The point of getting clear is that it frees us to move on and focus on other things.  Like having a clean windshield, we no longer have issues that bog us down.  We don’t have to carry any of the emotional baggage of issues or conflict; we can voice them and forget them.

I recently worked for a manager who was great about getting clear and then forgetting about it.  In one memorable occasion, he sharply criticized me for an email that I had sent to a wide distribution list.  My email was poorly written and sounded critical of him.  He told me that he didn’t like the email and he wanted me to limit the distribution list on emails that were critical of him.  Later, when I called him to apologize about my email, he was completely over it.  He had made his point and then he moved on and let it go.  He felt “clear” and he let me know that the issue wasn’t going to let it affect our relationship. 


#7 Keep Short Accounts

A closely related concept to getting clear is the idea of keeping short accounts.  To keep short accounts means to not let small issues build up into larger ones.  This is a trap that many of us fall into. 

How do you respond in situations where there are small hurts or issues?  Do you address each one?  We might feel like it is better to simply let them go or ignore them.  We may also feel that we are showing “grace” if we overlook small hurts or issues.  The problem with that approach is that the issues tend to build into larger issues.
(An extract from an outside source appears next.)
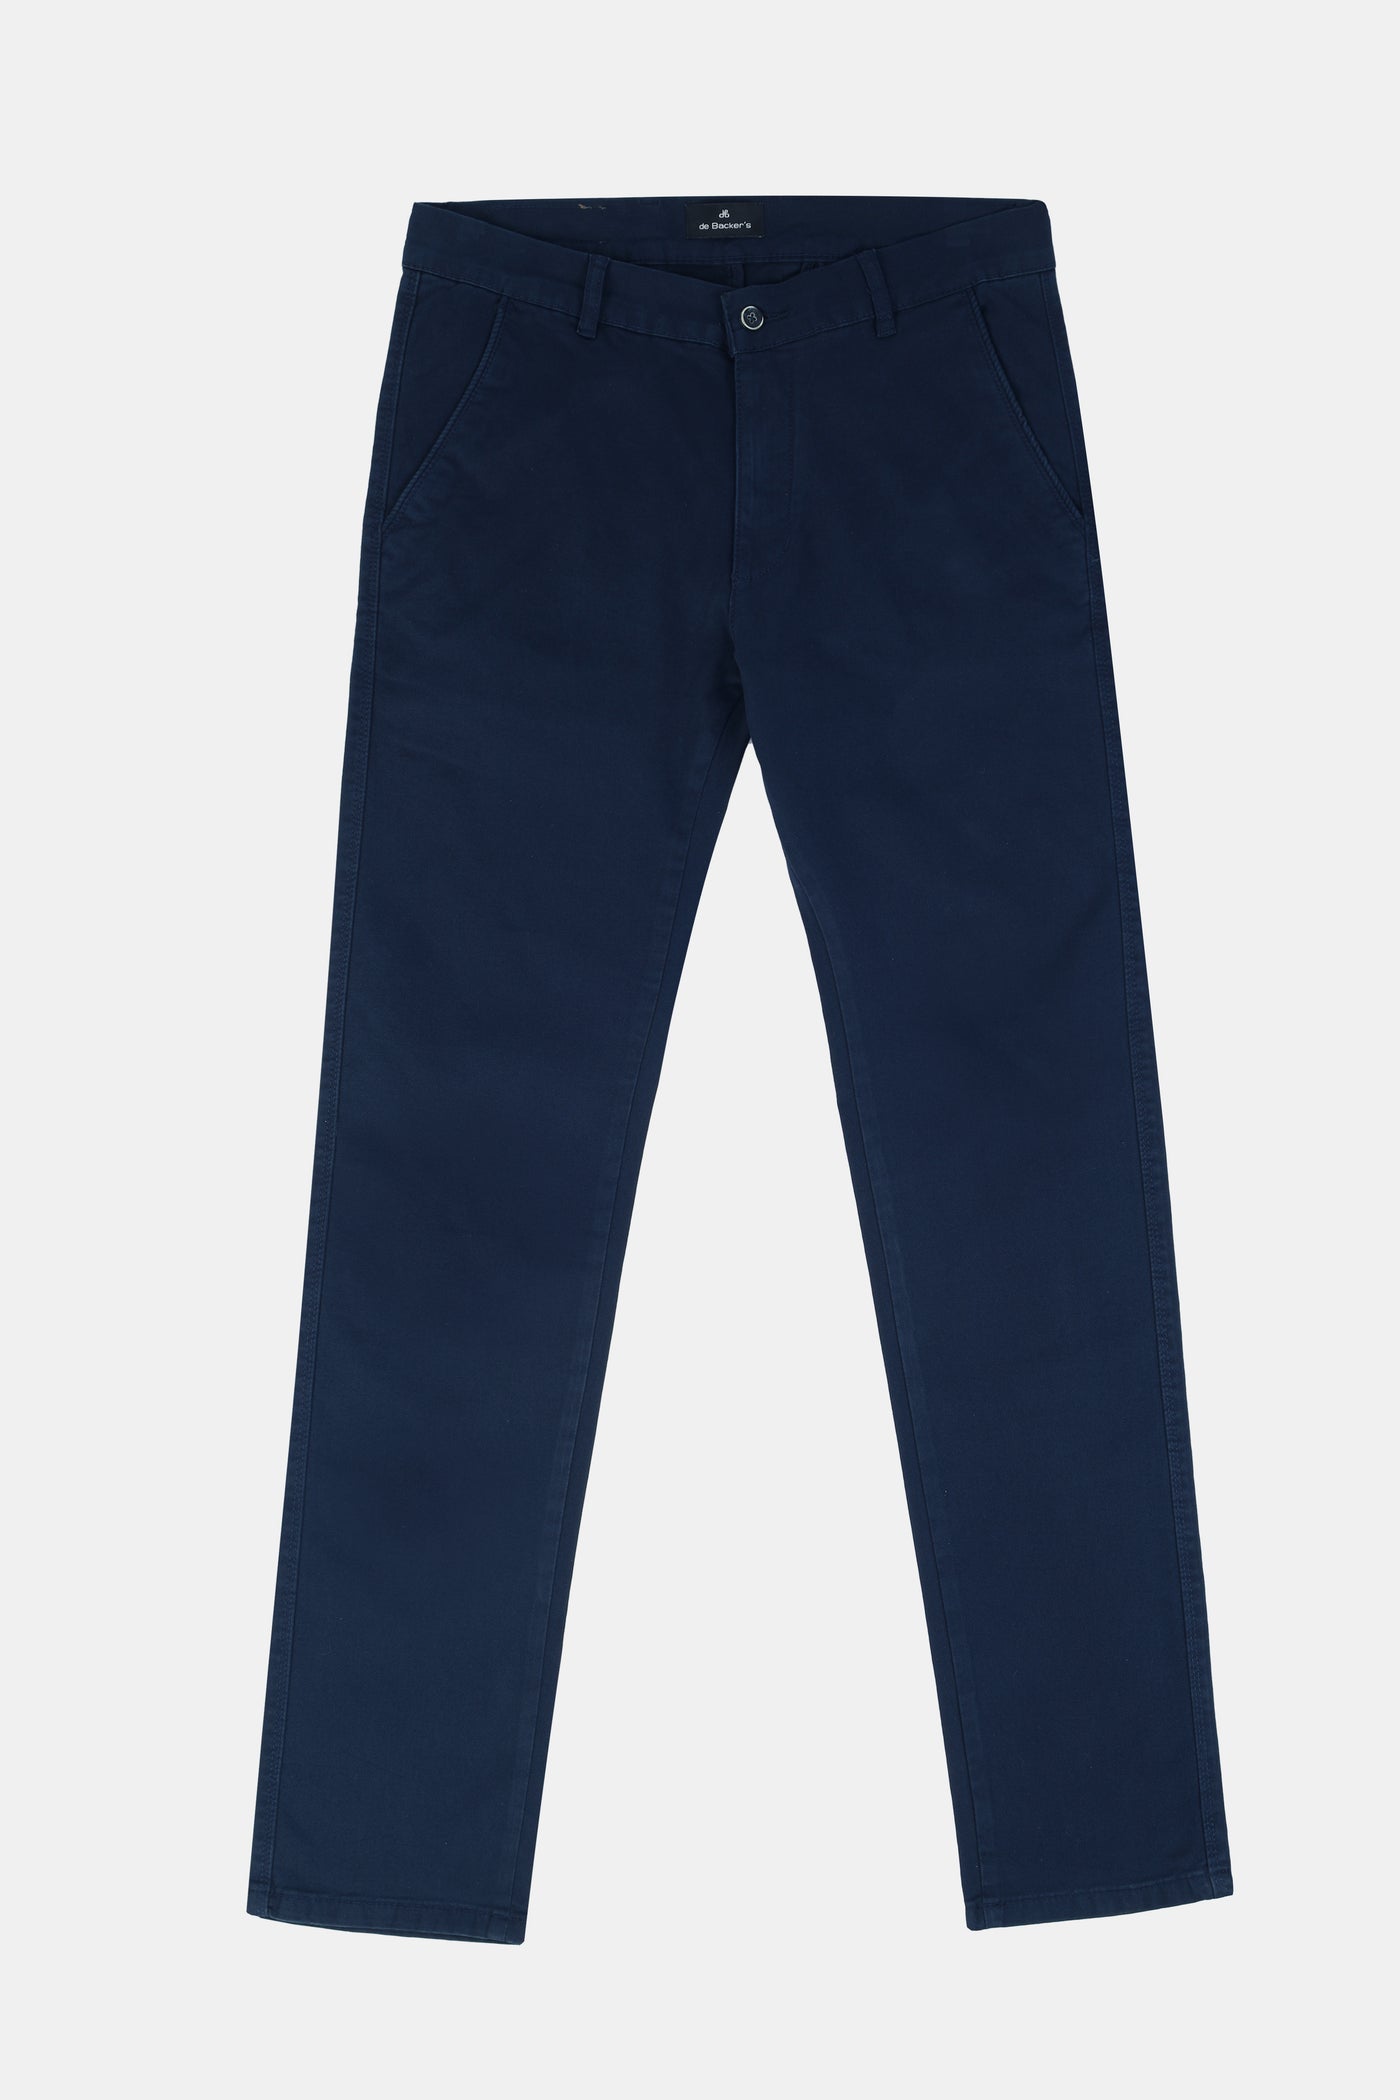 Chino Twill Oxford Blue Slim  Pant

We need to get clear on those small issues on a regular basis so that we don’t end up with overwhelming resentment or anger.

The benefit of keeping shorting accounts is that we can get a more objective view of what happened.  Often we will find when clearing up small issues on a regular basis, that we didn’t have the complete picture, others were unaware, or that we actually contributed to the problem.  Rarely have I experienced these small hurts as being intentional on the part of the other person.  Sometimes it is possible that we caused it. 

What about being on the receiving end of someone who has not kept short accounts?  Have you ever had a project team member or other stakeholder blow up and tell you about everything you have done wrong in the last year?  Have you been surprised with the level of anger expressed over seemingly small issues or perceived slights?  This is the case of holding in those hurts and resentments. 

Keeping short accounts as a PM means that we don’t let resentments, wounds or anger build over time.  If we have an issue, we address it quickly.  Project managers need to lead in relationships and encourage others to keep short accounts with us.

Try these seven techniques and see if they help you to tell the truth and deepen your relationships.  Let me know if they keep you from getting fired.  If you have other techniques that help you tell the truth, I invite you to share them.

This Post Has One Comment

  1. Anthony, I think that this is a very useful framework. It certainly gave me some pertinent reminders. Your manager who was able to get clear swiftly possesses a great trait. Good for his job and good for his health.